UPDATE (9 July): BJ weighs in from the top ropes re. the “refreshed” Maritime Strategy over at USNI blog.  A must read.

wtb

It’s been thirty years since Clara Peller uttered the now well-known phrase “Where’s the beef?” Having just attended the Naval War College’s Current Strategy Forum, I’m left asking the same question. What was touted as an opportunity for the CNO to roll out his updated version of Cooperative Strategy for 21st Century Sea Power (CS21) came and went with many asking another question: Did I miss something?

Admiral Greenert delivered an engaging and upbeat message addressing the importance of an “all hands on deck” effort to review and reexamine CS21. Suggesting that nobody has been seriously thinking about maritime strategy for the past few years, CNO took off his coat, rolled up his sleeves, and announced that now is the time to get down to work. Unfortunately, getting down to work will prove difficult, because ADM Greenert chose not to share any of his CS21 updates with the hundreds of mid-grade and senior officers in attendance. Perhaps in keeping with his statement, “if you talk about it openly, you cross the line and unnecessarily antagonize,” he instead chose to assemble a small group of hand-selected officers for a late afternoon roundtable discussion. An attendee described the focus group as a perfunctory “check in the block” where the only topic discussed was the PowerPoint outline of what the strategy brief might look like – not the actual strategy.

Admiral Greenert kicked off the symposium by stating, “Everyone – from junior, mid, and senior officers, to scholars, civilians, and retirees – owns a piece of this [strategy].” The problem is that not “everyone” was provided the requisite material to get to work. Why?Is it so heavily classified that it could not be discussed in an open forum?
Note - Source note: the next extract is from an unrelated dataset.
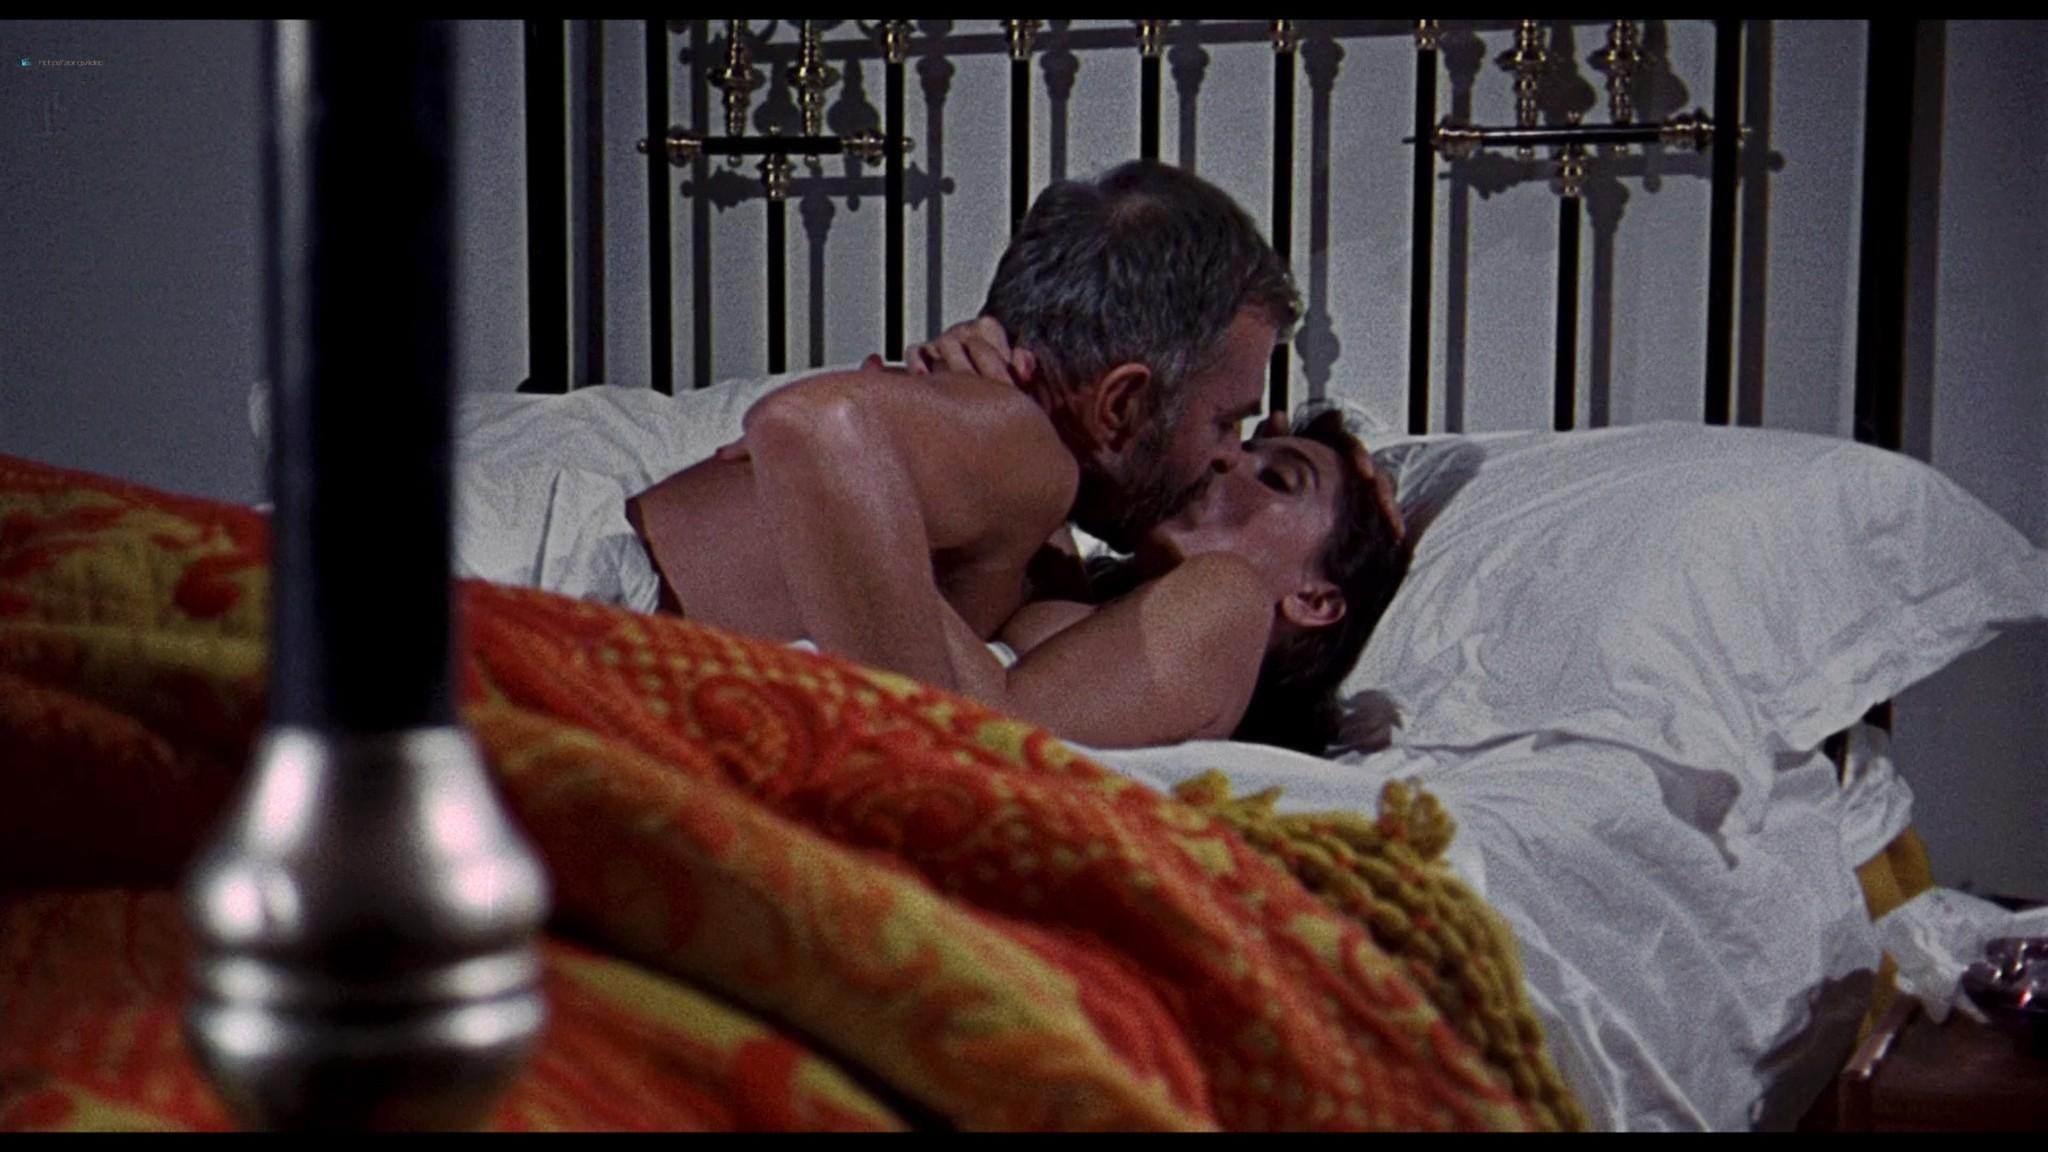 Helen Mirren nude skinny dipping Clarissa Kaye-Mason nude sex - Age of Consent (1969) HD 1080p BluRay Remux (20)

If that is the case, it would stand in stark contrast from previous strategies. Further, if our governing maritime strategy is too sensitive to discuss openly, is it really focused at the strategic level, or have we again mistaken tactics for strategy? Has the CNO grown self conscious of, or as he stated, overly concerned with unnecessarily antagonizing the Chinese? If that is the case, the CNO might have been wise to cancel the entire Current Strategy Forum, since while much of what was discussed during the two-day symposium was enlightening, the overwhelming theme was one of PRC/US alarmism. Does the CNO not really desire an open, “crowd-sourced” discussion (as he suggested)? If that is true, one must ask why he went to such lengths imploring the audience to roll up their sleeves and get to work. Or, is it the case that there are no appreciable changes to the Navy’s grand maritime strategy, and that this version so closely mirrors each previous edition as to be indistinguishable from them, save for new platforms (read: LC$ and J$F procurement). This seems to be the most likely answer. After all, maritime strategy (and military strategy writ large) hasn’t actually been about strategy in a long time.

This bit of the tail wagging the dog is particularly concerning as we sail towards a horizon clouded with fiscal uncertainty. Previous versions of CS21 told us what we were expected to accomplish and to what effect, but came up short of explaining how, and certainly didn’t have an eye toward sequestration. The 2014 rebranding gave the CNO an opportunity to provide an increasingly skeptical Congress (as well as the country in general) reasonably specific objectives and justifications for the funding he’s requested, without trespassing the line of “unnecessarily antagonizing” the Chinese. In choosing to punt, the CNO leaves the door open for us to wonder whether we need LCS and JSF to execute our strategy, or if we’re writing a strategy to justify LCS and JSF.